Con toda desfachatez Sánchez se presenta como el dique de contención de la ultraderecha, en un discurso que aburre y ya no cuela, como se ha visto en estas últimas elecciones. La consigna la siguen al pie de la letra sus dos leales voceras, Montse Mínguez y Rebeca Torró, con sendas intervenciones impresentables que tratan de ridiculizar al líder del PP, Alberto Núñez Feijóo.

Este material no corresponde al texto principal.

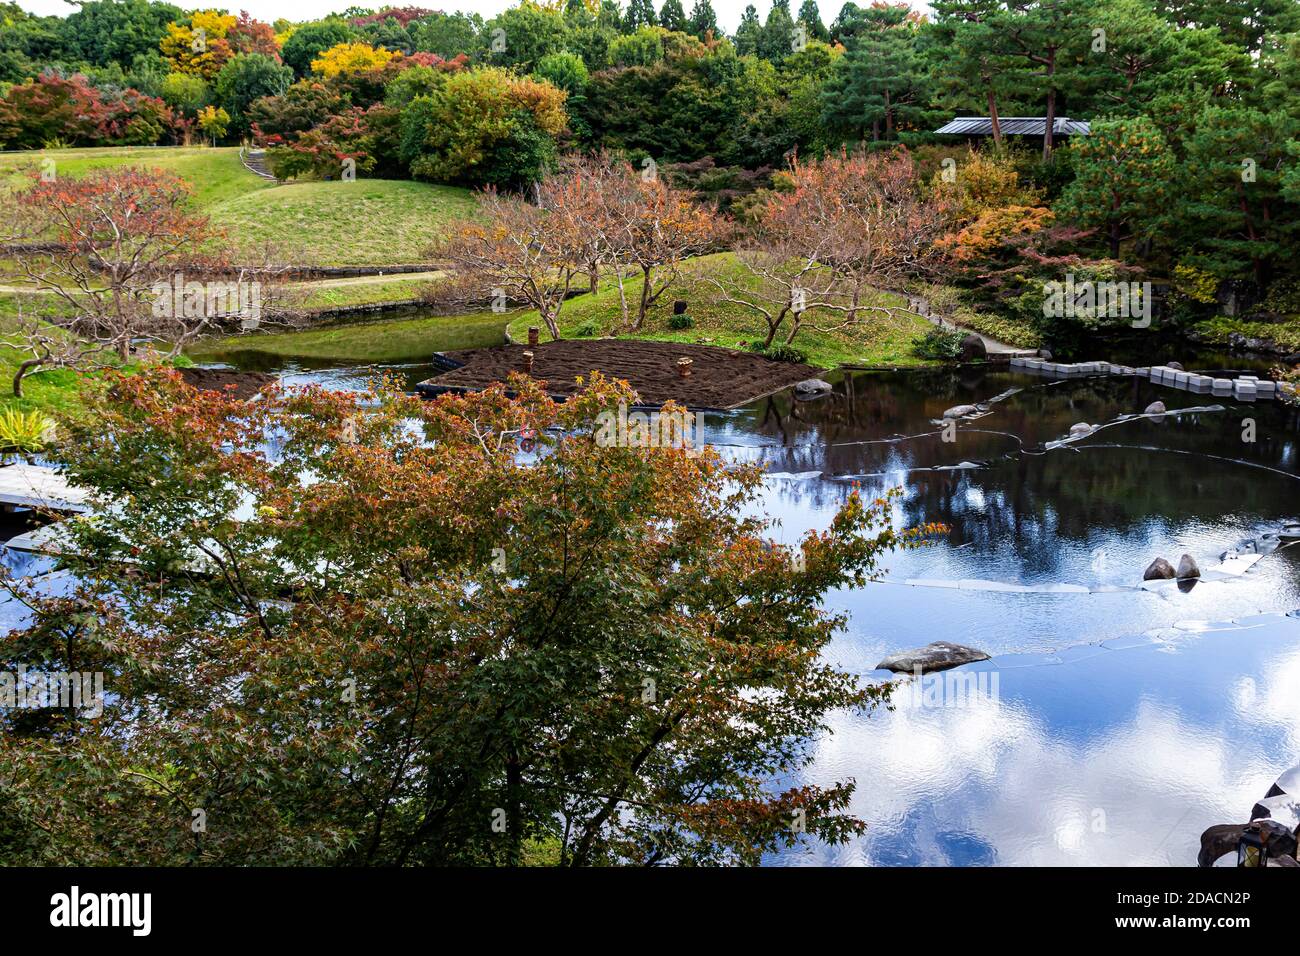 Suzaku no Niwa Garden at Umekoji Park was built to commemorate the 1200th anniversary of the Heian Period (7984-1192).  The garden features landscape Stock Photo

Un socialista crítico lo define muy bien: «Sánchez vive en otro planeta». En efecto, erigido sobre las cenizas de un PSOE al que, como dijo Alfonso Guerra, no le conoce «ni la madre que le parió». Un partido adoctrinado, servil y sumiso a las órdenes y gloria de un solo hombre. Ajeno a la realidad, obsesionado con seguir en la Moncloa, en su entorno trasladan que piensa aguantar hasta el otoño de 2027 para convocar elecciones generales. Otras fuentes apuntan, además, que podría hacerlas coincidir con las andaluzas de junio para intentar evitar que su candidata, María Jesús Montero, siga la estela de quemarse en la hoguera de Pilar Alegría.

Ante ello, Alberto Núñez Feijóo reclama lealtad y sentido común, mensaje que debe recoger Santiago Abascal. Están en juego las instituciones, el sentido de Estado y la misma democracia, bajo la autocracia de un presidente arropado por unos socios que solo buscan destruirlos.

Sánchez ha demostrado que no tiene líneas rojas ni se para en barras para seguir en la poltrona, véase las últimas concesiones sobre los presos de ETA autores de asesinatos de sus propios compañeros socialistas. Es hora del cambio de ciclo, de la unidad en la derecha y de mirar hacia el auténtico enemigo. Únicamente a Sánchez hay que echar de casa.